# Error propagation of a variable for an integral

• I
Gold Member
I have an integral that depends on two parameters ##a\pm\delta a## and ##b\pm \delta b##. I am doing this integral numerically and no python function can calculate the integral with uncertainties.

So I have calculated the integral for each min, max values of a and b.
As a result I have obtained 4 values, such that;

$$(a + \delta a, b + \delta b) = 13827.450210 \pm 0.000015~~(1)$$
$$(a + \delta a, b - \delta b) = 13827.354688 \pm 0.000015~~(2)$$
$$(a - \delta a, b + \delta b) = 13912.521548 \pm 0.000010~~(3)$$
$$(a - \delta a, b - \delta b) = 13912.425467 \pm 0.000010~~(4)$$

So it is clear that ##(2)## gives the min and ##(3)## gives the max. Let us show the result of the integral as ##c \pm \delta c##. So my problem is what is ##c## and ##\delta c## here?

The integral is something like this

$$I(a,b,x) =C\int_0^b \frac{dx}{\sqrt{a(1+x)^3 + \eta(1+x)^4 + (\gamma^2 - a - \eta)}}$$

where ##\eta## and ##\gamma## are constant.

Note: You guys can also generalize it by taking ##\eta \pm \delta \eta## but it is not necessary for now.

I have to take derivatives or integrals numerically. There's no known analytical solution for the integral.

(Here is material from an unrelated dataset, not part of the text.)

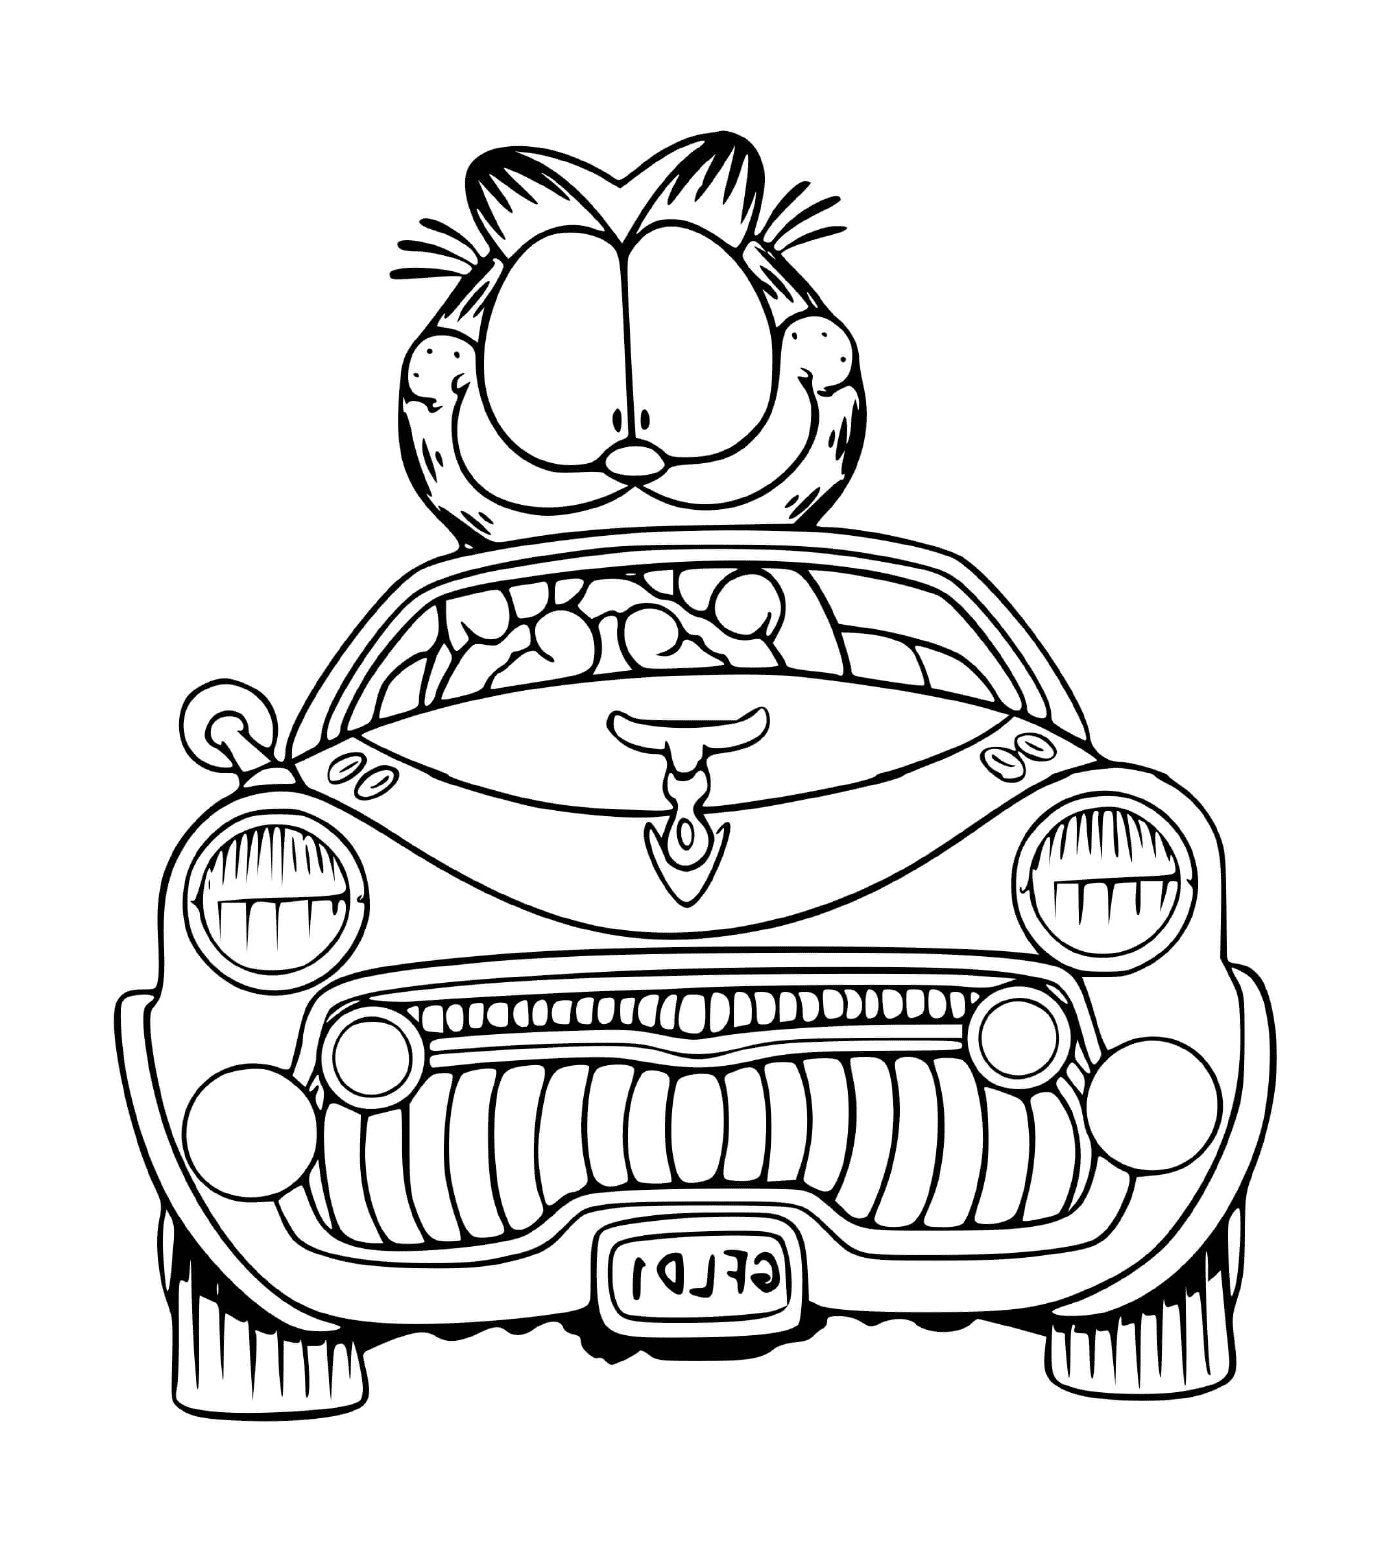  Garfield benefits from a luxury car

##\eta = 4.177 \times 10^{-5}##, ##a = 0.1430 \pm 0.0011##, ##b = 1089.92 \pm 0.25##, ##\gamma = 0.6736 \pm 0.0054##, ##C = 2997.92458##

Last edited:

Homework Helper
2022 Award
Generally, if your intergal is $I(a,b) = \int_{x_0}^{x_1} F(a,b,x)\,dx$, then uncertainties in $a$ and $b$ would lead to $$I(a,b) \pm\frac{\partial I}{\partial a}\delta a \pm \frac{\partial I}{\partial b}\delta b$$ with the partial derivatives evaluated at $a$ and $b$. You can evaluate these derivatives by differentiating under the integral:
$$\frac{\partial I}{\partial a} = \int_{x_0}^{x_1} \frac{\partial F}{\partial a}(a, b, x)\,dx$$ etc.

• Arman777
Gold Member
The integral is something like this

$$I(a,b,x) =\int_0^b \frac{dx}{\sqrt{a(1+x)^3 + \eta(1+x)^4 + (\gamma^2 - a - \eta)}}$$

where ##\eta## and ##\gamma## are constant.

Mentor
Assuming a and b are uncorrelated: Calculate the integral at (a,b+delta_b), (a,b-delta_b) and analogous for delta_a. Then use the deviations as approximation for ##\frac{\partial I}{\partial b}\delta b## and add both uncertainties in quadrature.

Gold Member
Assuming a and b are uncorrelated: Calculate the integral at (a,b+delta_b), (a,b-delta_b) and analogous for delta_a. Then use the deviations as approximation for ##\frac{\partial I}{\partial b}\delta b## and add both uncertainties in quadrature.
I did not quite understand it..Can you maybe put it in a more mathematical way

Gold Member
Code:
  from numpy import sqrt
from scipy import integrate
import uncertainties as u
from uncertainties.umath import *

#Important Parameters
C = 2997.92458  # speed of light in [km/s]
eta = 4.177 * 10**(-5)
a = u.ufloat(0.1430, 0.0011)
b = u.ufloat(1089.92, 0.25)
gama = u.ufloat(0.6736, 0.0054)

@u.wrap
def D_zrec_finder(gama, a, b):
def D_zrec(z):
return C / sqrt(a * (1+z)**3 + eta * (1+z)**4 + (gama**2 - a - eta))
result, error = integrate.quad(D_zrec, 0, b)
return result

print((D_zrec_finder(gama, a, b)).n)
print((D_zrec_finder(gama, a, b)).s)

This works

Mentor
I did not quite understand it..Can you maybe put it in a more mathematical way
$$\frac{\partial I}{\partial b}\delta b \approx \frac 1 2 (I(a,b+\delta b)-I(a,b-\delta b))$$
$$\frac{\partial I}{\partial a}\delta a \approx \frac 1 2 (I(a+\delta a,b)-I(a-\delta a,b))$$

As b is your integration border you can simplify this one: ##\frac{\partial I}{\partial b}## is simply the function value at x=b.